When I was a kid, I learned that “the shortest distance between two points is a straight line.” I read that in a math book and memorized it, but it meant very little to me. The factoid stayed with me, though.
I grew up on a military base, and family housing was large apartment buildings set at right corners to one another with a wooded area in the center.
Every day I left my apartment in the far-left corner of one building, walked along the front of the building, turned left, walked along the front of the next building, and then arrived at school. It was a boring, repetitive walk, so one week, I decided to test out that “shortest distance” idea to see if the straight line through the wooded area in the middle of the apartment buildings would indeed be shorter. I did my experiment over two days. Day one, I took my normal route and counted my steps. The next day, I took the straight path through the woods and counted my steps. Lo and behold, the shortest distance to school was indeed a straight line! (I then worked a little Pythagorean Theorem on my right triangle path to school and solidified that knowledge as well!)

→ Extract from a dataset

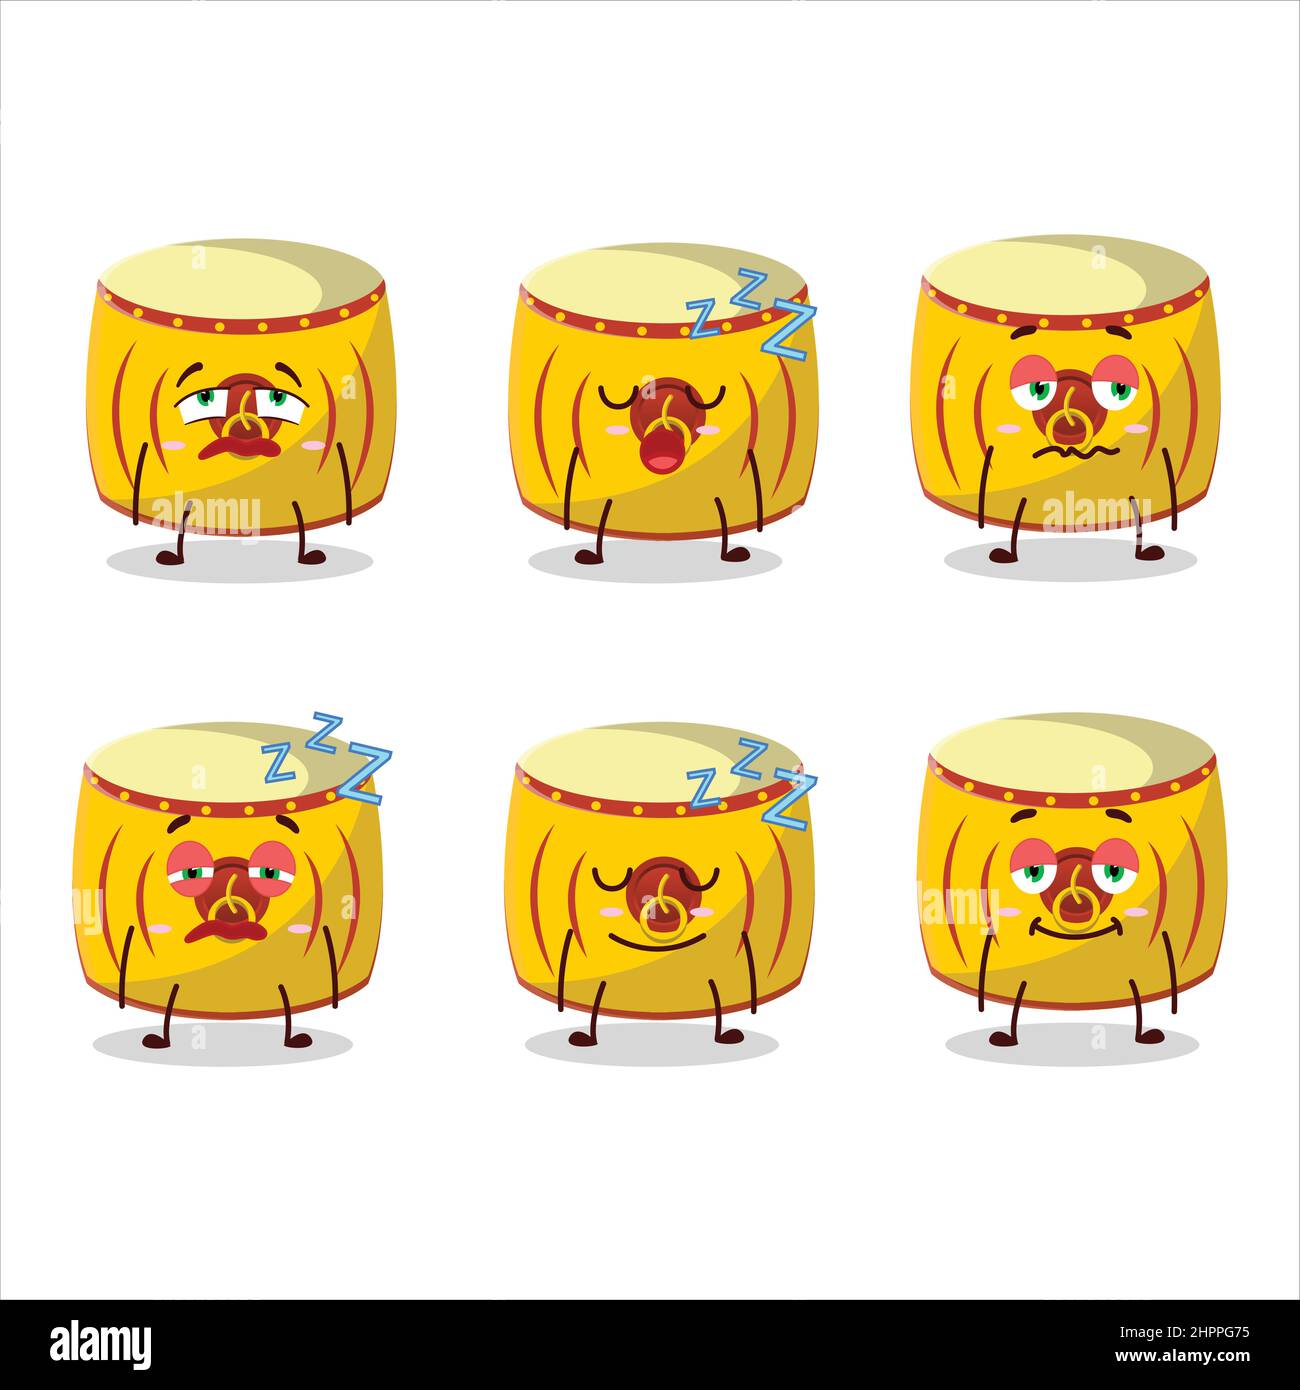 Cartoon Character Of Yellow Chinese Drum With Sleepy Expression Vector Illustration Stock

I share this little story about my youthful nerdiness to talk about something training often overlooks or improperly applies: the necessity of practice. Practice is critical to the development of new skills. It allows learners to apply new skills and receive feedback on the results. The process of practicing increases learning in a way that simply reading about a skill will never do. If I hadn’t done my little path-to-school experiment, these math concepts would have remained facts to memorize rather than becoming truths understood by experience.

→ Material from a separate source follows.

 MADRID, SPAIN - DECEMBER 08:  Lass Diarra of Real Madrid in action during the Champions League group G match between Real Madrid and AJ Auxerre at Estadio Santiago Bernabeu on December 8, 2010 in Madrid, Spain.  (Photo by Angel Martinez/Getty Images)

Once you acknowledge the importance of practice, how do you ensure the practice is effective? To increase practice’s effectiveness:
Space it out. Practicing activities with a few days between sessions helps put the learning in long-term memory. The work we do to remember what we learned a few days ago strengthens our memories! In my example, I learned that geometrical tidbit about straight lines in 7th grade and tested it in 8th grade when learning about the Pythagorean Theorem jogged my memory. Clearly, I still remember both some 30 years later!
Weave it together. When you weave together concepts or skills within the same lesson, as opposed to the traditional learning structure of focusing on one concept or skill at a time, the contextualization makes the concepts truer to life.. Think of how you communicate: you ask questions, listen, and reply all in one conversation, so learning listening, questioning, and other conversational skills together gives them greater context and meaning. When you mingle old concepts with new concepts, you’ve added spaced practice too, which increases the training’s efficacy.
Mix it up. Varying the types of practice activities and the way skills are practiced increases learners’ abilities to transfer learning from one situation to another. Plus, because different types of practice activities engage different parts of the brain, memory is strengthened. We probably used worksheets when we learned geometry (though I can’t remember them), which is one kind of practice. Pairing that with some hands-on activities (like my path-to-school experiment) truly drives home the learning.
Practice is an important part of any training program. Practice that is spaced, with concepts woven together, and that includes a variety of activities is statistically more effective than practice that excludes these three aspects. Effective practice equals improved learning.